Agora vamos deixá-la mais usual, parecendo-se mais com uma classe.

Para que possamos instanciar novos objetos com estados e comportamente, precisamos fazer o uso do this, como mostrado a seguir:

function Fruta(nome, cor) {
this.nome = nome;
this.cor = cor;
this.toString = function() {
console.log(this.nome + ", " + this.cor);
}
}

Agora podemos criar novas instâncias de Fruta com dados:

var banana = new Fruta('banana', 'amarelo');
var pera = new Fruta('pêra', 'verde');
banana.toString(); // "banana, amarelo"
pera.toString(); // "pêra, verde"

Acabamos de criar uma classe em JavaScript e duas instâncias dessa classe.

A classe que criamos acima é uma função construtora que define propriedades e métodos com o this. Com isso conseguimos novas instâncias dessa classe executando a função precedida da palavra-chave new que retornará um novo objeto.

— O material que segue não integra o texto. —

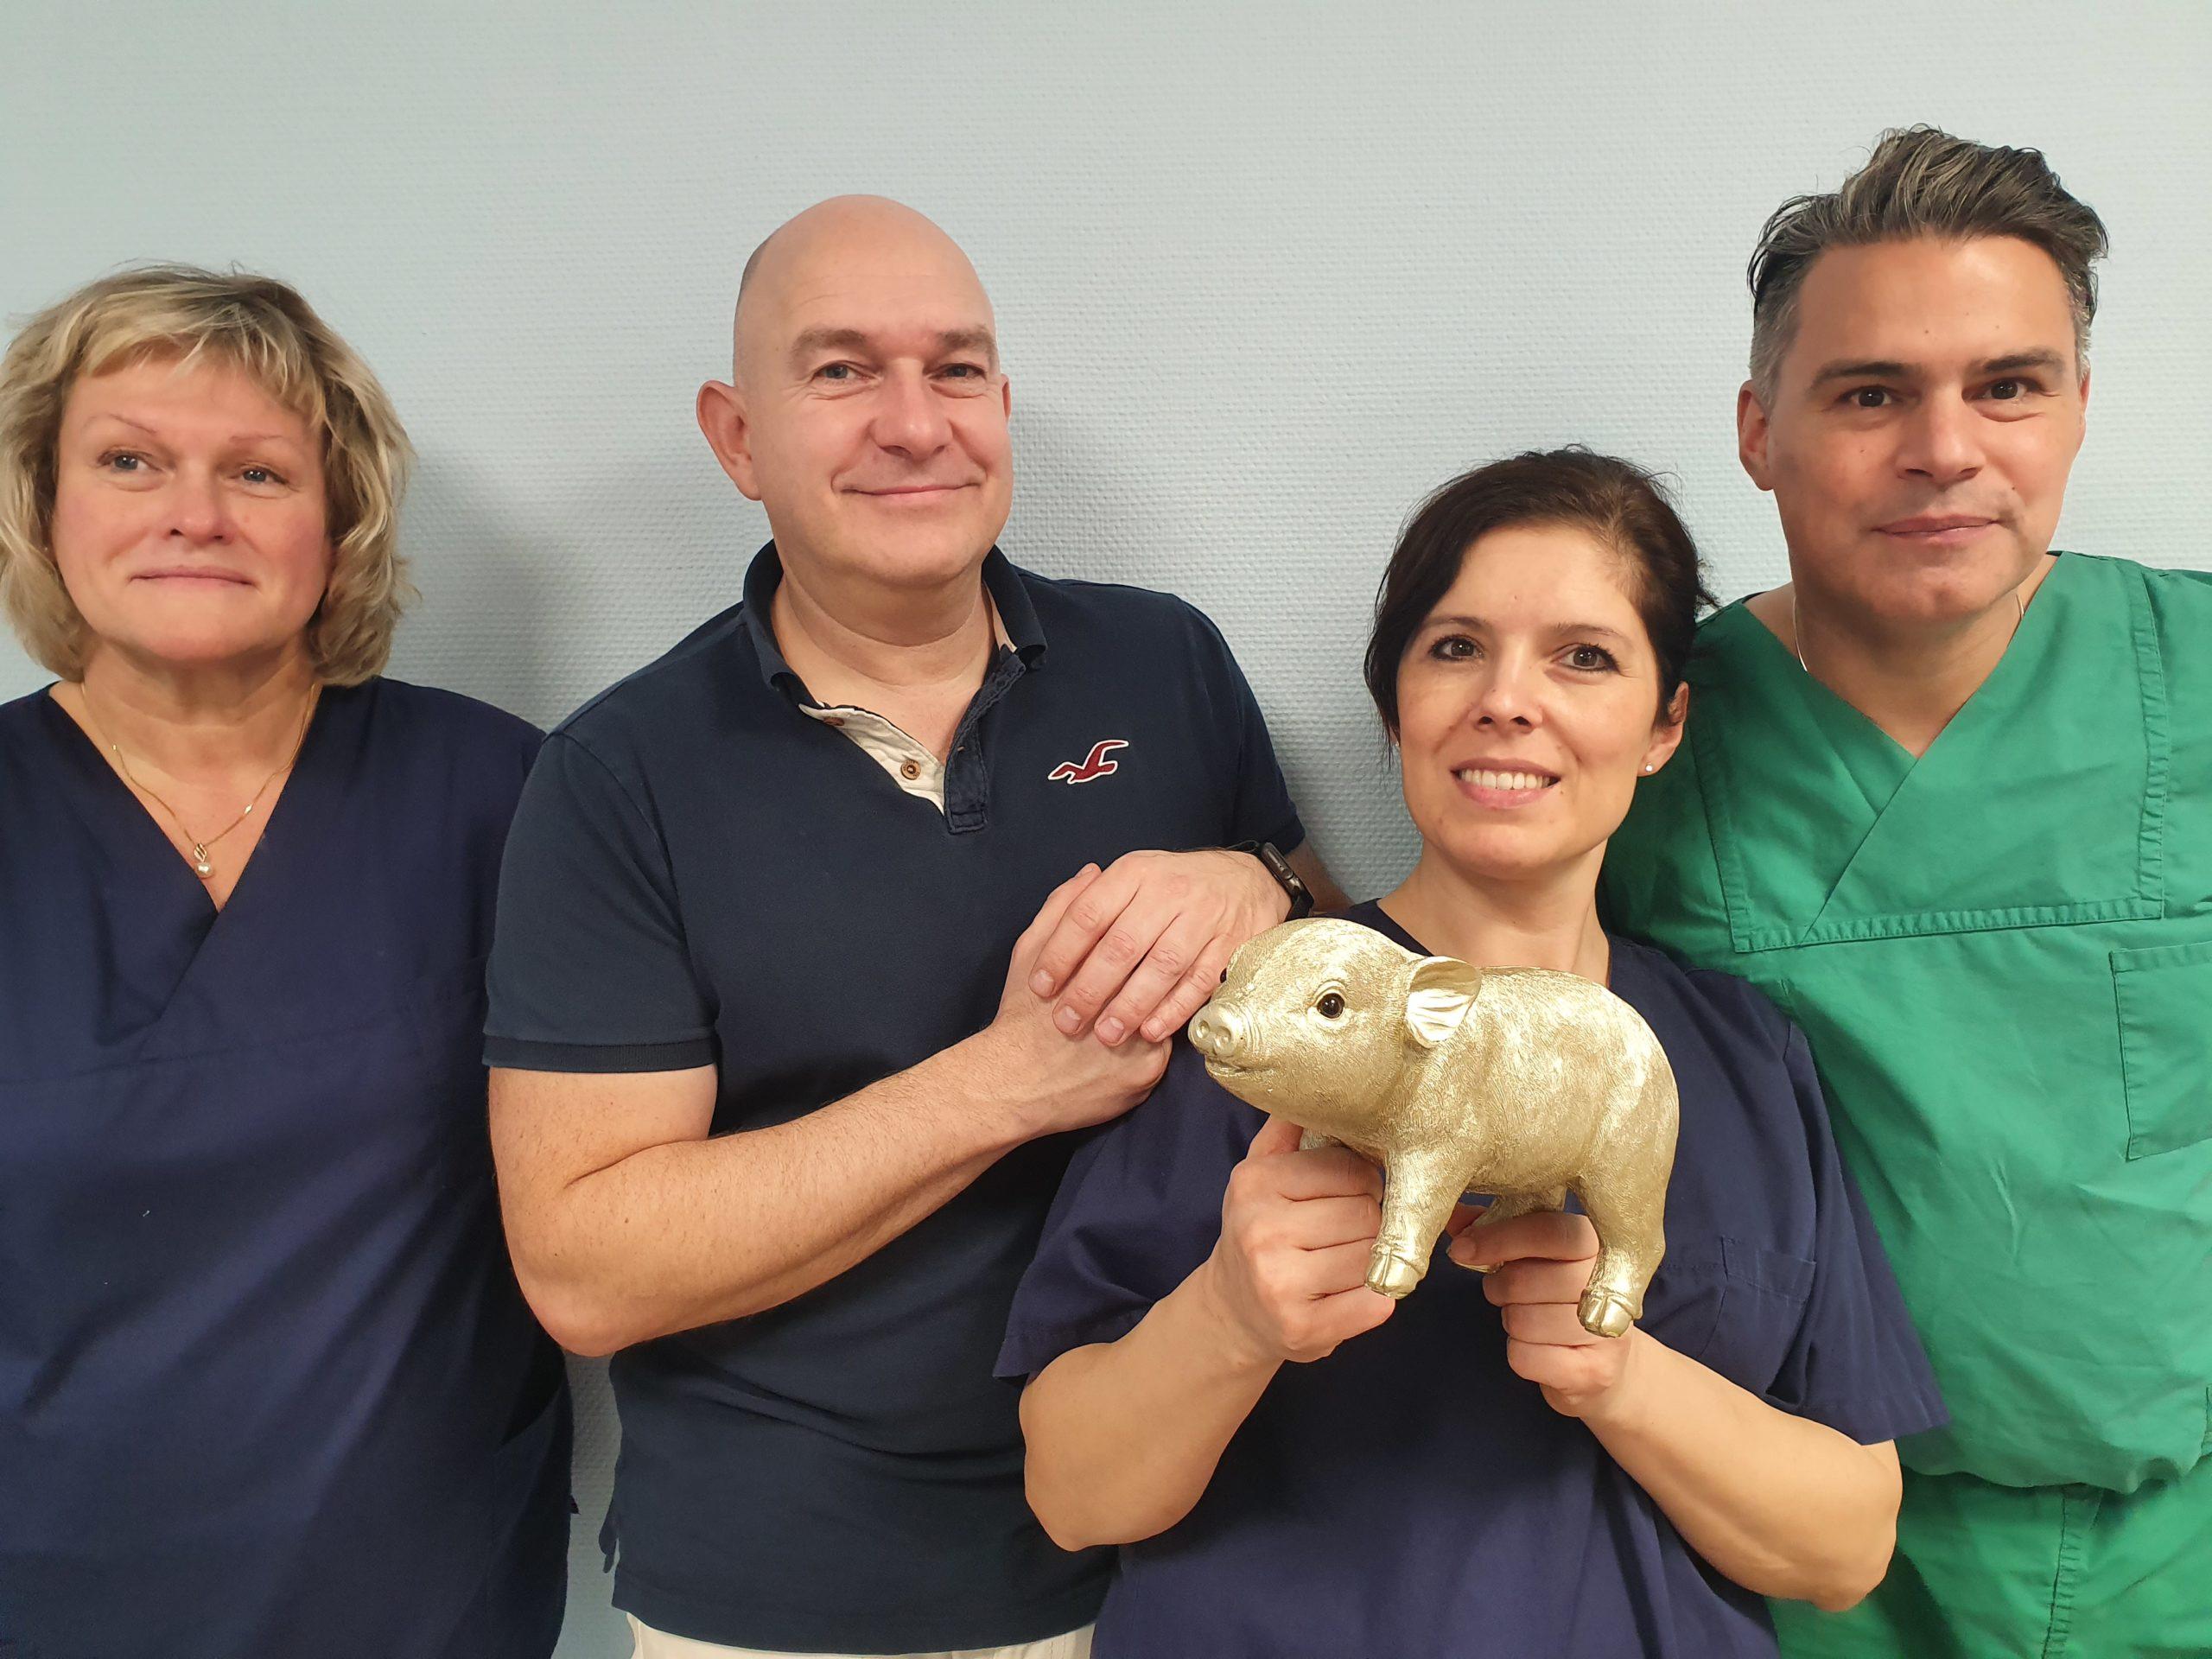 Schweinchen scaled | zoum.de | Team spendet Trinkgeld

Todo objeto em JavaScript criado com a palavra-chave new tem uma propriedade extra chamada constructorque aponta de volta para a função construtora usada para construí-lo. Podemos checar isso da seguinte forma:

console.log(banana.constructor);
/* imprime: function Fruta(nome, cor) {
this.nome = nome;
this.cor = cor;
this.toString = function () {
window.runnerWindow.proxyConsole.log(this.nome + ", " + this.cor);
};
}*/

Podemos até criar novas instâncias da classe com a propriedade constructor através de qualquer instância da classe:

var pera = new banana.constructor("pêra", "verde");
pera.toString(); // "pêra, verde"

Nos exemplos acima estamos usando, além de classes e objetos, um conceito muito básico do paradigma de orientação a objetos: polimorfismo.

Toda função em JavaScript herda de Object. O Object é uma classe/função construtora e possui um método chamado toString() que está sendo sobrescrito na nossa classe construtora Fruta pelo método de mesmo nome toString().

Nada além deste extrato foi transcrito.